Japanese by Example
Learning through examples in manga

Tracking known vocabulary and kanji in manga

I use spreadsheets to track my progess of learning vocabulary and kanji appearing in the manga I read.

This page details how others may use them as well.

Purpose

Sites such as jpdb and Koohi do a good job at providing frequency information and word lists for novels and anime, but I’m unaware of anything for manga.

I developed these spreadsheets with two goals in mind for manga I’m reading or plan to read:

1) Finding the most frequent kanji/vocabulary words I don’t know yet.

2) Viewing my progress in learning kanji/vocabulary words used.

Features

By maintaining a list of known kanji and vocabulary, one can see what percentage of individual and overall kanji/vocabulary they know from a manga series.

Screenshots

Some things this view tells me:

1) Since それでも is 11 volumes long, I’m viewing stats only for kanji that appear at least 11 times across all volumes. Of these, I have successfully learned 100% of these kanji. (Note: I’ve excluded character names and common shogi terms.)

1) I likewise have kanji for the first 11 volumes of コナン. Looking at kanji that appear at least 11 times within these volumes of the series, I’ve learned 84.3% of the unique kanji appearing this many times. When considering multiple appearances of a kanji, I should recognize 96.22% of total kanji appearances.

1) For ふらいんぐうぃっち, I have the first 10 volumes of kanji. Of these, I have 40 more kanji to learn until I’ve learned all the kanji that appear at least 10 times across these volumes.

1) In キョーコ, the next most frequent kanji I don’t know is 徒 (a kanji I really should know by now), which appears 28 times across the seven-volume series.

This sheet for one series I’m reading has filtered out known kanji, as well as kanji that appear in character names.

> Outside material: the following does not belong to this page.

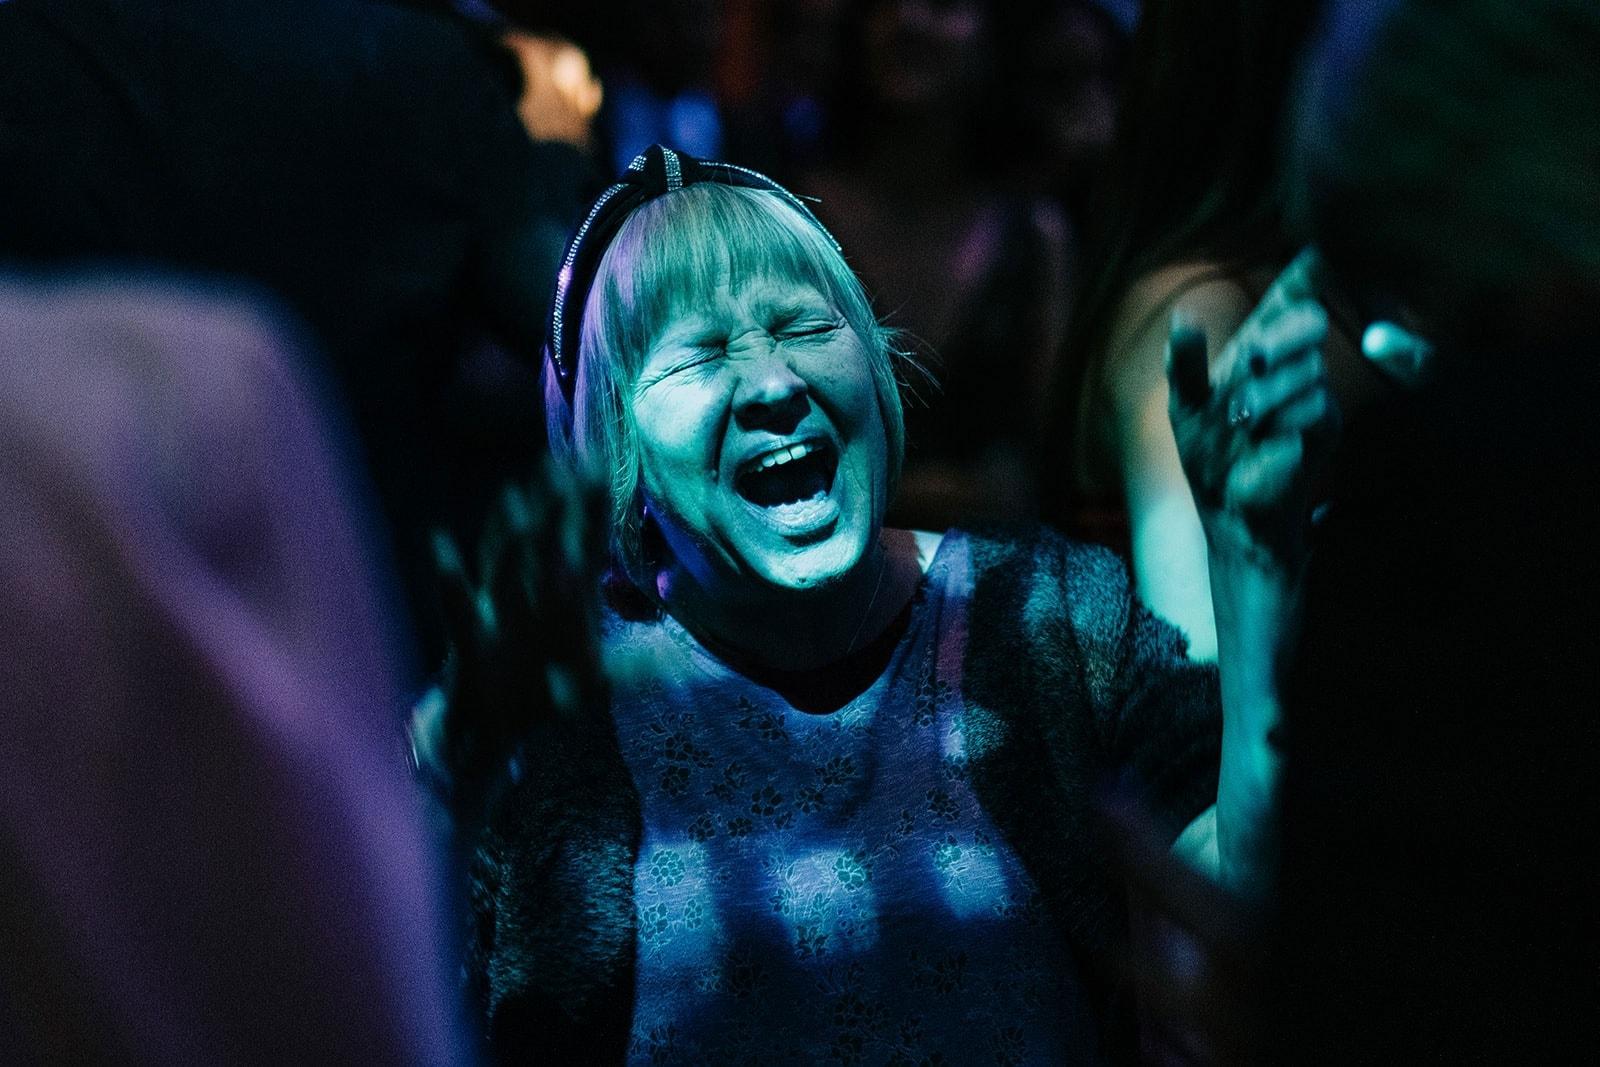 Louise's aunt parties on the dance floor
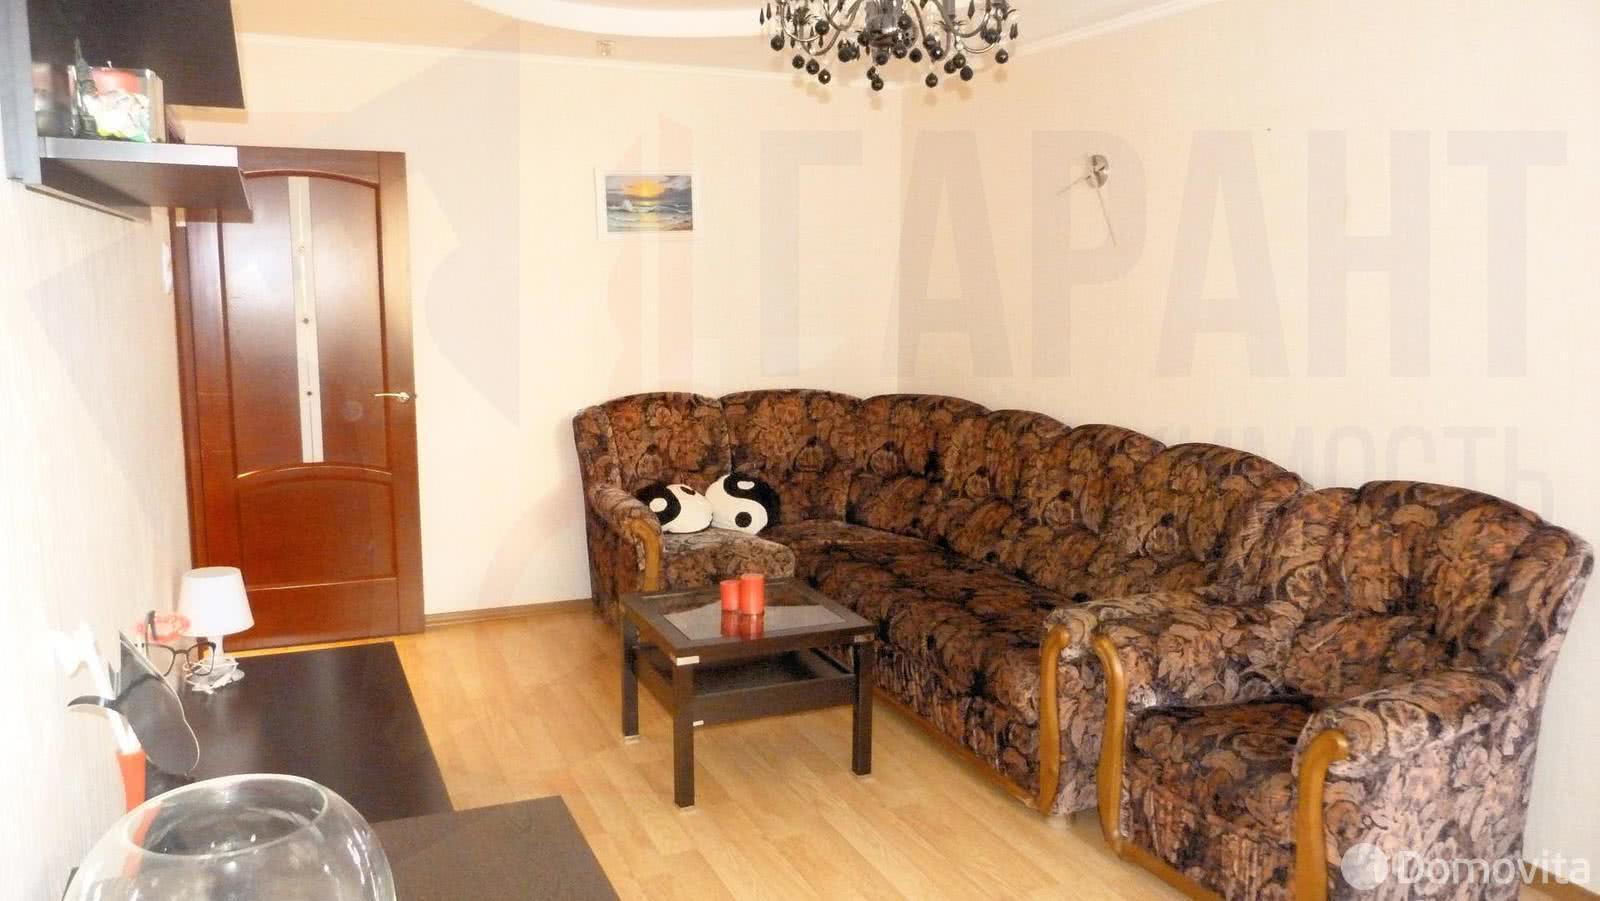 Снять 3-комнатную квартиру в Минске, ул. Левкова, д. 19 - фото 4

From here, I can see the next most frequent kanji I need to learn, how frequent they are in the series, and what their level in WaniKani is. (The latter is useful for seeing which kanji I should know, even if I’m sure I’ve never seen them before in my life.)

The next most frequent word for me to learn from ARIA is 昇格. By entering this into the Word field, I see in the Word Frequency column that it appears very infrequently in other series I’m reading.

Looking at the series I may wish to begin to read or try again at reading, the Overall column gives me a good idea of how many vocabulary look-ups I would be doing.

For example, in ぼっち I’d be looking up roughly 1-in-20 words that appear the Min number of times (as I should recognize almost 96%).

ハヤテ on the other hand, I’d likely be looking up closer to 1-in-10 words that appear the Min number of times (as I should recognize about 91%).

Limitations

There are a few technological limitations.

Spreadsheets

How to use

Step-by-step instructions on copying and filling out these sheets:

The two kanji sheets are used together, and the two vocabulary sheets are used together, but the kanji and vocabulary sheets are used independently from one another. The following instructions apply equally to the kanji pair and the vocabulary pair.

Copying the progress spreadsheet

1) Open the Progress spreadsheet (from the list above).

1) Save a copy to your Google Docs by selecting the “File” menu and then “Make a copy”.

Adding a series

1) Open the Series spreadsheet (from the list above).

1) From the Series List tab, locate a series you want to add to your Progress spreadsheet. Click on the link to be taken to the sheet for that series.

1) Right-click on the sheet’s tab and select “Copy to” then “Existing spreadsheet”.

1) Select your copy of the Progress spreadsheet.

1) On the Progress sheet, rename the copied sheet to remove “Copy of” (or 「のコピー」) from the sheet name. You can optionally rename the sheet to anything you wish.

1) Add the series name to the Progress sheet. This must match the sheet name for the series, including the volume number if there is one.

1) Input into the Min column the minimum number of occurrences required to include the kanji/vocabulary word in the progress stats.

Using series data

1) Filter the Known column to show only “FALSE”. Optionally filter the Dictionary column to show only “TRUE”.

2) The kanji/vocabulary word at the top of the list is the most frequent item in the series. You’ll probably want to learn this one next.

3) Add known kanji/vocabulary words to the Known Kanji or Known Words sheet.

4) If you wish to exclude a kanji/vocabulary word from the Progress sheet, add a note to the Notes column of the item you wish to exclude. Reason to do this include:

Note: The kanji or vocabulary words are sorted by frequency by default. If this sorting is ever lost, you can sort the series by the Count column, Z to A, to restore displaying the most frequent words first.

Requesting a series

I can add a series by request provided you are able to complete these steps:

1) Purchase a digital copy of the volumes from the series.

2) Remove DRM and unzip contents.

3) Install Mokuro and run it on the volume folder that contains the manga page images.

4) Compress Mokuro’s output _ocr folder into a zip file.

5) Share the zip file with me on Google Drive, or else send me a message on Discord at ChristopherFritz#5813 with a link to the zip file.

Note: I don’t know Discord very well and I’m only on it a few times a month. I’m not certain if I can actually receive messages from random people.